Pero me estaba dando calor, con tanto baile. Y me dije que ya teníamos confianza como para sacarme la faldita. Ahí fue cuando el negro, con su espontaneidad creativa comenzó a sacudir sus caderas, de modo que a cada sacudida, los golpes de su toronja iban a golpear mi cuevita. Suerte que llevaba mi braguita de hilo dental, que si no... Pero con la braguita la decencia estaba a salvo. Aunque yo sentí que me estaba poniendo un poco colorada. Es que seguramente sin proponérselo, la polla de mi entusiasta amigo, golpeaba con demasiada frecuencia contra la entrada a mi cuevita. El grueso pedazote suelto, caía una y otra vez, contra mi intimidad de mujer fiel. Pero me pareció una tontería andarme con melindres y prejuicios frente a un muchacho tan simpático y bien intencionado. Y hubiera quedado mal que le recordara que mi condición de esposa no hacían convenientes, los embates de su grueso pedazo de carne contra la unión de mis muslos. Además, el negro estaba tan entusiasmado con el juego que sentí no había nada malo en eso. Estoy segura de que a mi Armando no le hubiera parecido mal. Bueno, demasiado segura no. Pero llevábamos todo un rato bailando y sentí la necesidad de descansar, así que me detuve. Pero el negro no, su suelta toronja seguía dando contra la entrada de mi entrepierna, y me pareció mal avisarle que estaba cansada.
Así que me limité a permanecer un poco en reposo, esperando que el negro se diera cuenta de que yo necesitaba un respiro. Pero creo que no captaba la idea. Y tanto golpes contra la entrada de mi intimidad me estaban poniendo a mil. En vez de reponerse, mi respiración se estaba agitando cada vez más. Mi cuevita estaba cada vez más mojada, y los ojos comenzaron en enturbiárseme Y advertí que, inesperadamente, estaba recorriendo un camino sin retorno. Cuando llegó el momento me agarré de los fuertes bíceps del negro, para no caerme, y mirando el musculoso pecho sin ver, mi conchita se corrió estruendosamente, en medio de temblores. No se si el negro se dio cuenta, ya que siguió batiendo su enorme pollón contra mi empapada intimidad, sin aminorar el ritmo. El muchacho parecía cada vez más contento, de modo que no me atreví a interrumpirlo en la expresión de su entusiasmo. ¡Pero algo debía hacer! Así que en un momento de inspiración le atrápé su pollota entre mis muslos. Aunque estaba lejos de una erección, sentir ese gordo aparato tan caliente, atrapado a la entrada de mi cuevita, fue demasiado para mí, y con los muslos apretados con pasión, volví a correrme mientras el negro me miraba con la boca abierta, y abrazándome al hercúleo cuerpo de mi reciente amigo.

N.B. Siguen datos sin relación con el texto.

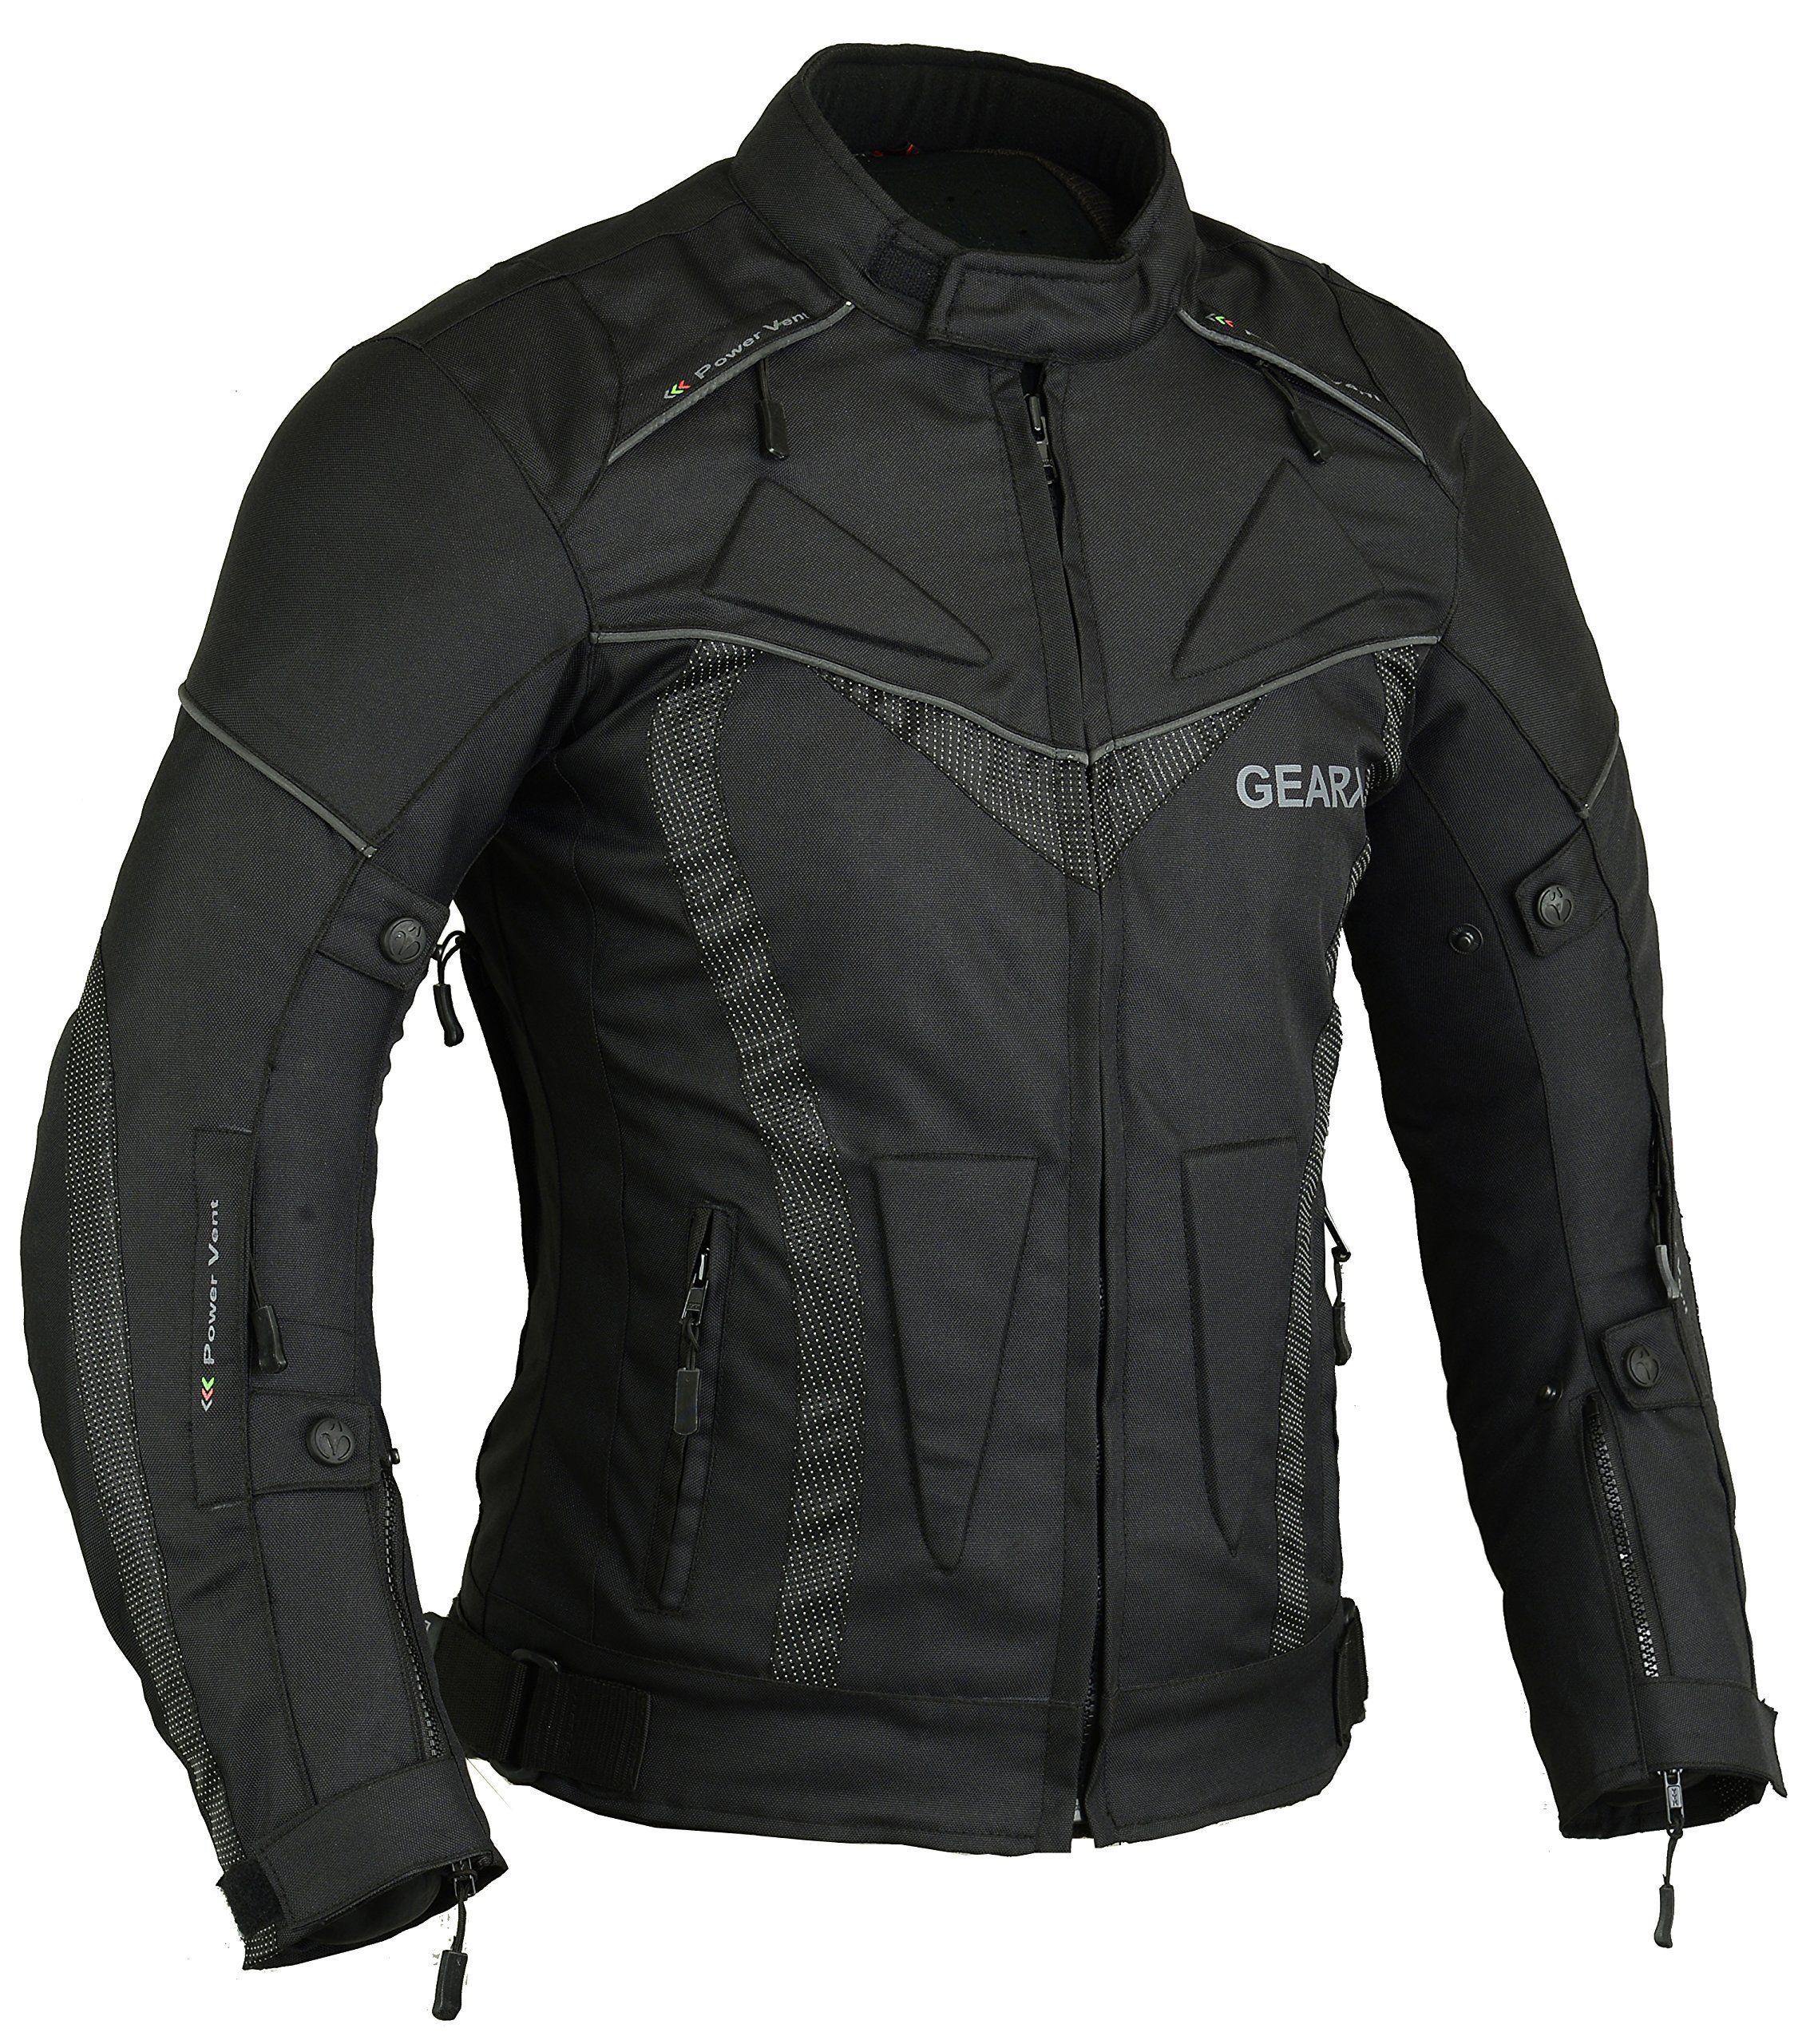 Alpinestars Smx S Mx Plus Black White Motorcycle Racing Amp Sport Boots - Biker gear
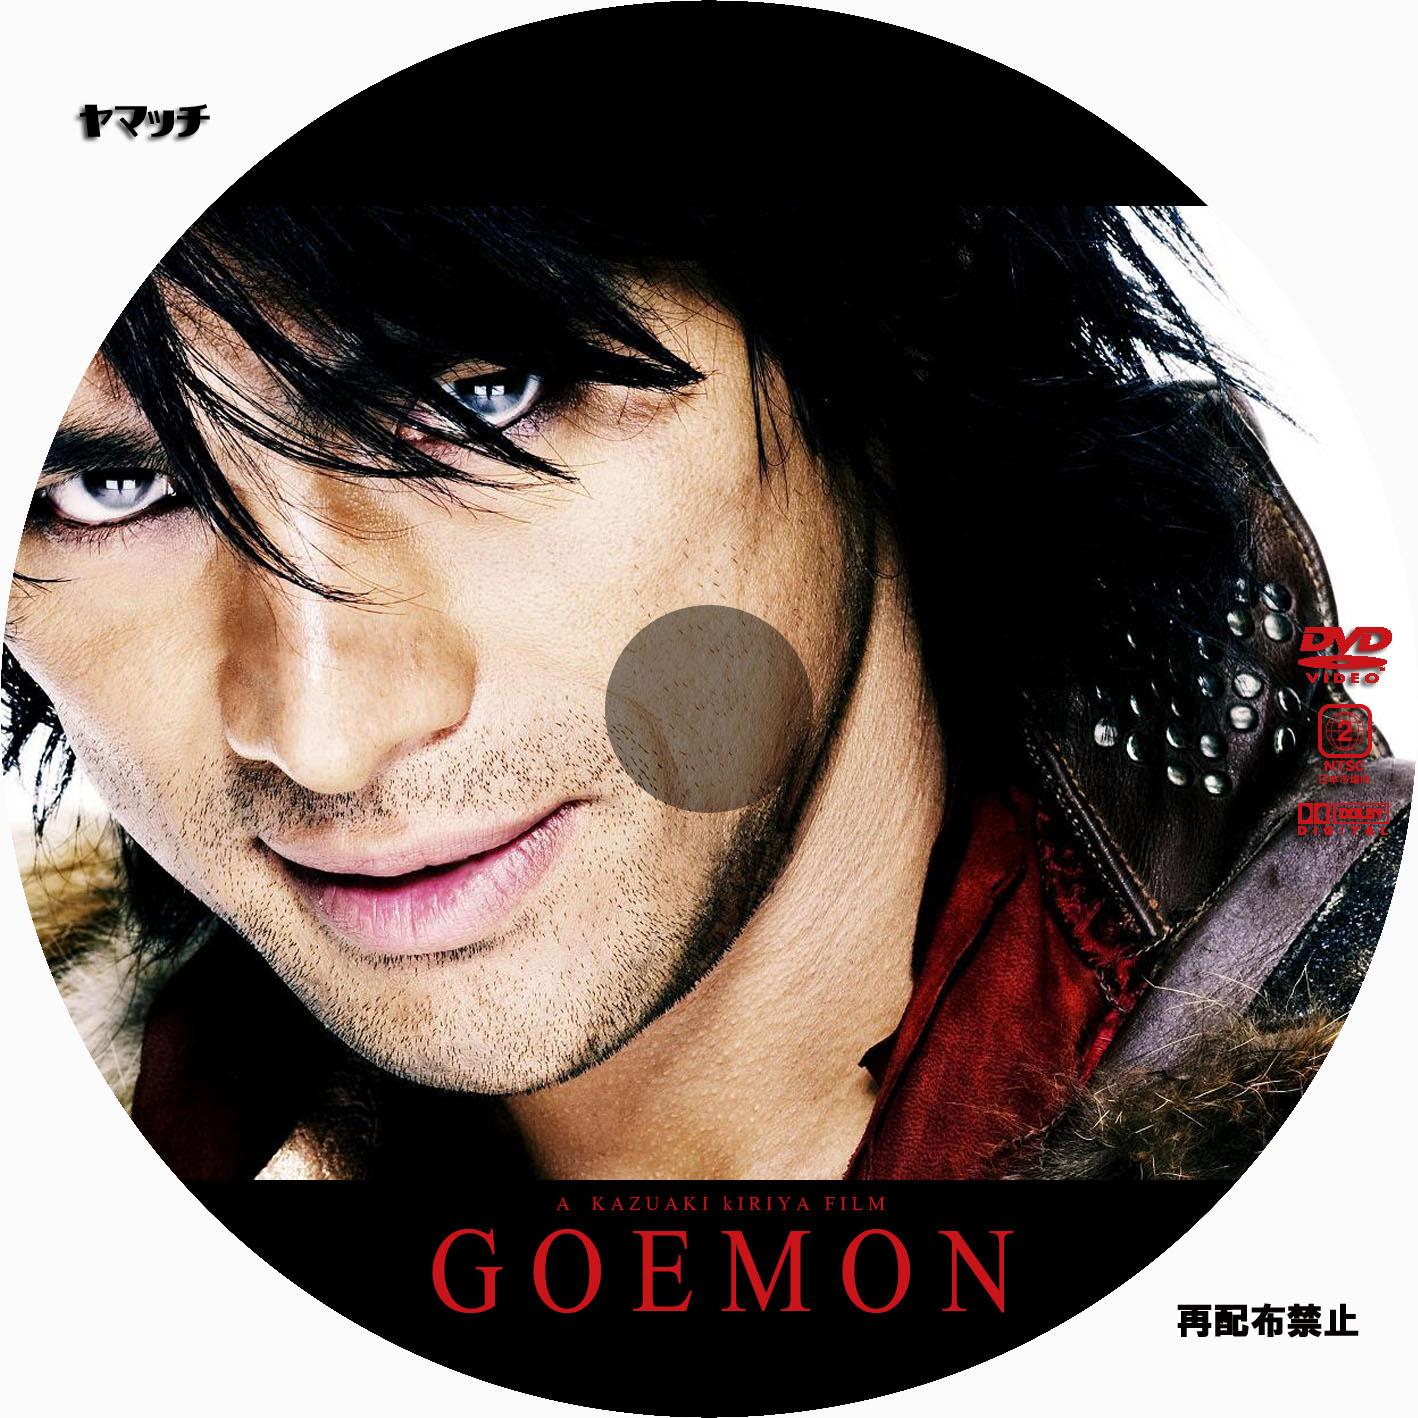 GOEMON (映画)の画像 p1_39

Ahí pensé en Armando y en la suerte de que el enorme aparato del negro no estuviera en estado de erección. Así estaba segura de no haber tenido una relación sexual con el muchacho, lo que no hubiera tenido ninguna justificación. Tal vez Penetón pensó que me estaba sintiendo mal, y tuvo la gentileza de acompañarme hasta el sofá, para que pudiera reclinarme. Parecía un poco consternado por mi descompostura, y sentándose a mi lado me acarició afectuosamente la cabeza.
Se polla reposaba sobre uno de sus muslos, sin dar señales de excitación alguna. Agradecí al cielo por esa circunstancia. Y lo miré con agradecimiento. También a su enorme polla. La gentileza con que el negro me acariciaba la cabeza, me conmovía. Y sentí que debía retribuirle su gesto.
Claro que lo que tenía más a mano era su morcillota, ya que las demás partes de su cuerpazo me parecían difíciles de abarcar. Además no había riesgo, ya que su pollón no se paraba, así que mi fidelidad no corría ningún riesgo. Era todo una cuestión más bien fraterna. Y sentí que podía darle mis más tiernas caricias a mi nuevo amigo.
Y acunada en ese momento de confort y sana amistad, me alegré pensando qué gusto le daría a mi Armando cuando le contara de mi nuevo amigo. Sin abrumarlo con los detalles, claro, Porque yo creo que una debe darle lo mejor de si misma a su cónyuge, compartir con él los mejores momentos.